ATHENA: Agentic Team for Hierarchical Evolutionary Numerical Algorithms
Juan Diego Toscano, Daniel T. Chen, George Em Karniadakis
TL;DR
This work presents ATHENA, an agentic lab that unifies Scientific Computing and Scientific Machine Learning through the HENA loop, recasting research as a Contextual Bandit to achieve sample-efficient discovery. Conceptual Scaffolding constrainsthe action space to expert blueprints, enabling robust, verifiable methodological evolution via Agentic Teams and a proposer-critic policy. ATHENA demonstrates deep physical reasoning, automatic discovery of exact or highly accurate solvers, and effective human-in-the-loop interventions, including hybrid PINN–FEM workflows for multiphysics problems. The framework achieves state-of-the-art accuracy (e.g., $4.76\times 10^{-14}$ MSE in viscous Burgers) and exhibits strong collaborative capabilities, signaling a paradigm shift toward autonomous laboratories that accelerate scientific discovery while preserving mathematical rigor.
Abstract
Bridging the gap between theoretical conceptualization and computational implementation is a major bottleneck in Scientific Computing (SciC) and Scientific Machine Learning (SciML). We introduce ATHENA (Agentic Team for Hierarchical Evolutionary Numerical Algorithms), an agentic framework designed as an Autonomous Lab to manage the end-to-end computational research lifecycle. Its core is the HENA loop, a knowledge-driven diagnostic process framed as a Contextual Bandit problem. Acting as an online learner, the system analyzes prior trials to select structural `actions' ($A_n$) from combinatorial spaces guided by expert blueprints (e.g., Universal Approximation, Physics-Informed constraints). These actions are translated into executable code ($S_n$) to generate scientific rewards ($R_n$). ATHENA transcends standard automation: in SciC, it autonomously identifies mathematical symmetries for exact analytical solutions or derives stable numerical solvers where foundation models fail.
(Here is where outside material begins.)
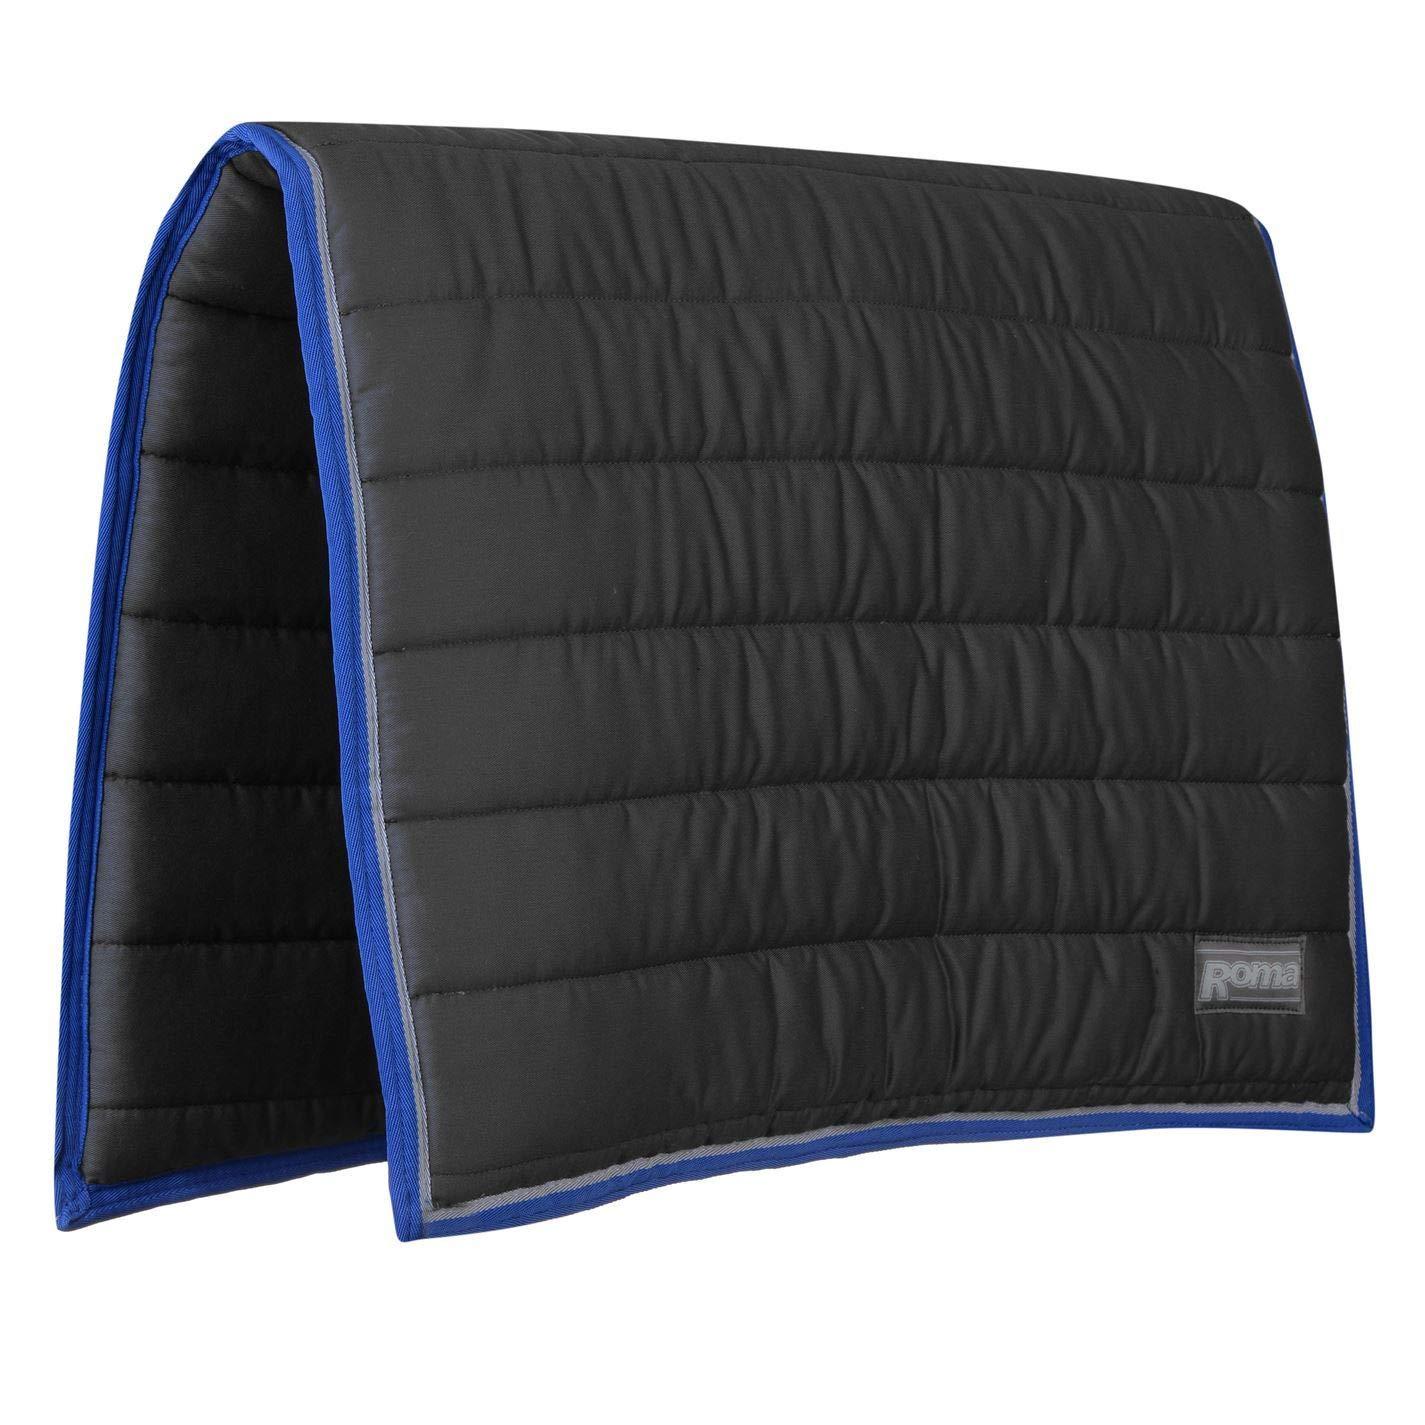 Grey bluee FullRoma Comfort Saddle Pad Numnah Cloth Horse Riding Tack

In SciML, it performs deep diagnosis to tackle ill-posed formulations and combines hybrid symbolic-numeric workflows (e.g., coupling PINNs with FEM) to resolve multiphysics problems. The framework achieves super-human performance, reaching validation errors of $10^{-14}$. Furthermore, collaborative ``human-in-the-loop" intervention allows the system to bridge stability gaps, improving results by an order of magnitude. This paradigm shift focuses from implementation mechanics to methodological innovation, accelerating scientific discovery.